CityU researchers fabricate high-quality tellurium nanomesh
Scientists at the City University of Hong Kong have invented a low-temperature vapor-phase growth method for synthesising high-quality tellurium nanomesh.
The new method enables the large-scale production of nanomesh for next-generation electronics, with lower production costs compared to conventional methods.
Nanomesh, a nano-scale material formed from a network of nanowires, has been widely explored in electronics due to its mechanical flexibility, energy efficiency, and optical transparency. However, the scalability, integrability, and cost-effectiveness of nanowire semiconductors have been insufficient, limiting their application in large-area electronic and optoelectronic devices.
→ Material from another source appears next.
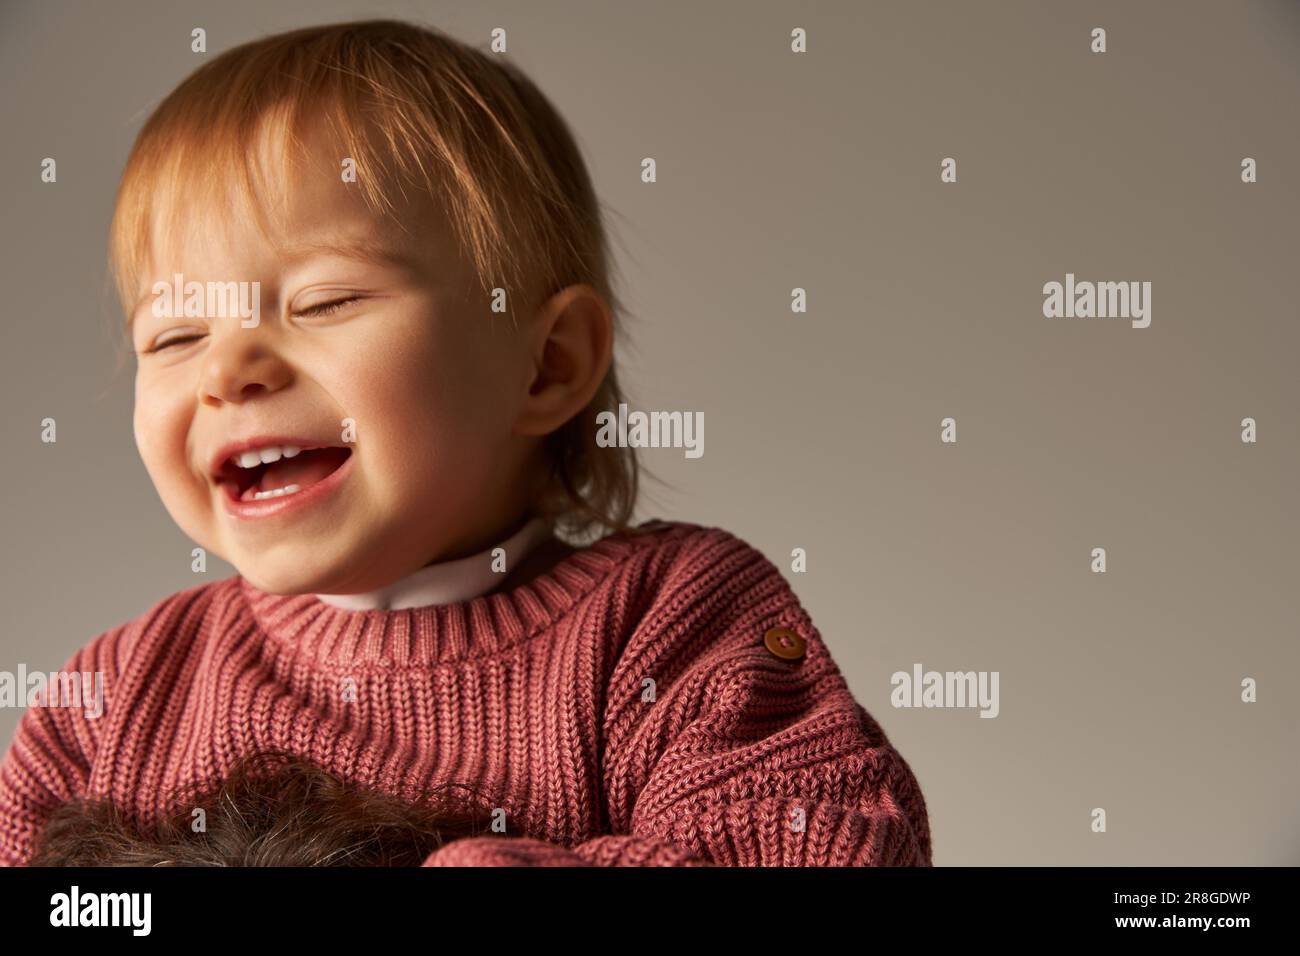 ritratto di ragazza cute del bambino, bambino del toddler, capretto felice in abbigliamento casual sorridente sullo sfondo grigio in studio, emozione, innocenza, moda del toddler Foto Stock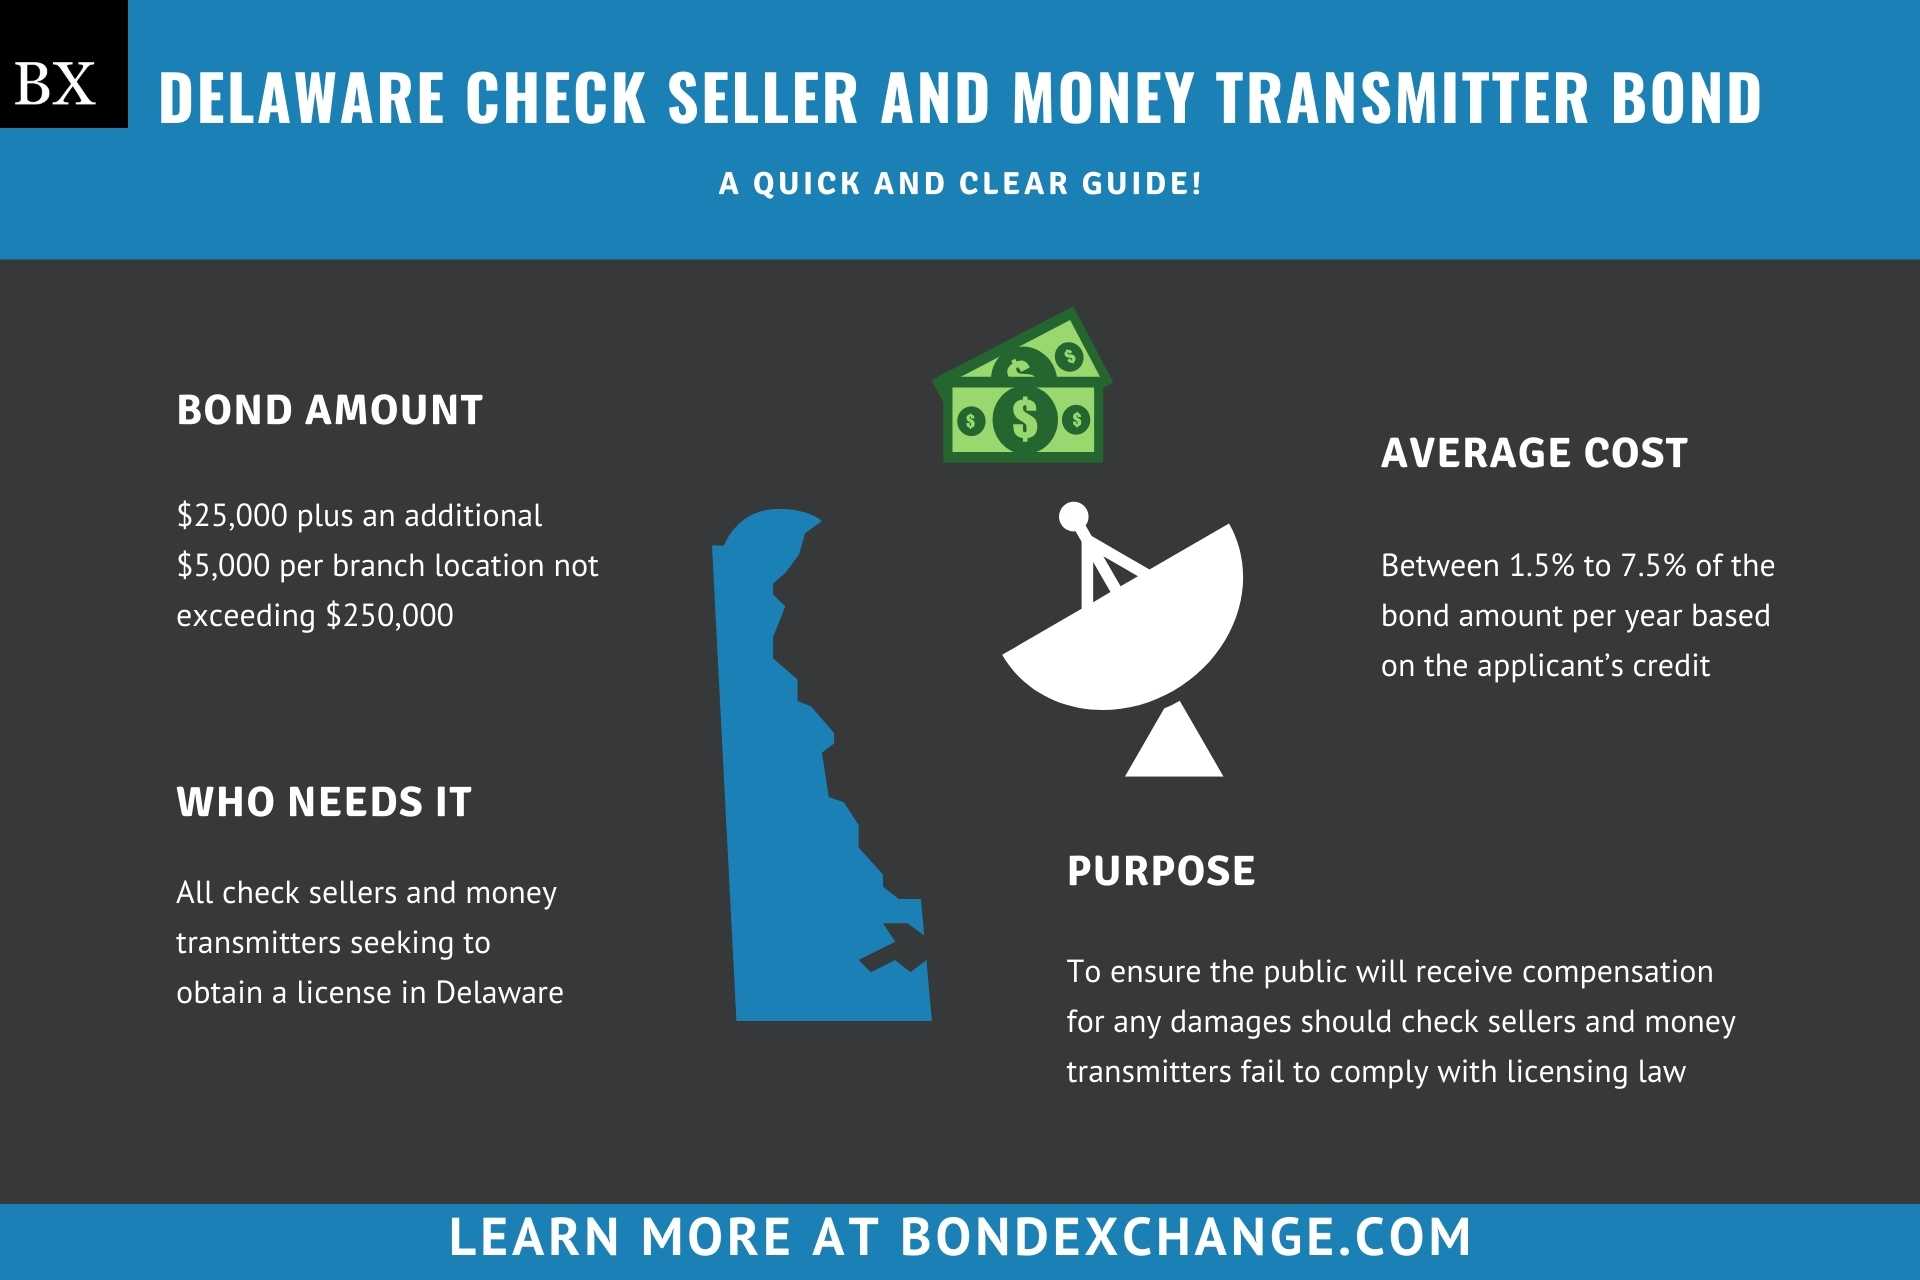 Delaware Check Seller and Money Transmitter Bond

CityU scientists, led by Professor Johnny Ho Chung-yin, developed this innovative low-temperature method that can produce high-quality tellurium nanomesh on various substrates, including silicon oxide, polymers, and even paper. The process involves vaporizing tellurium source powders and carrying them to growth substrates, where they are heated at 100°C with a flow of argon gas. The nanomeshes are composed of self-assembled and self-welding tellurium nanowires laterally vapor-grown on any surface.
According to Ho, "The use of tellurium nanomesh in electronics holds great promise for meeting the emerging technological demands of today’s Internet of Things (IoT) applications." The research marks a significant step towards the large-scale production of functional tellurium nanomesh, enabling potential applications that are not achievable through other means.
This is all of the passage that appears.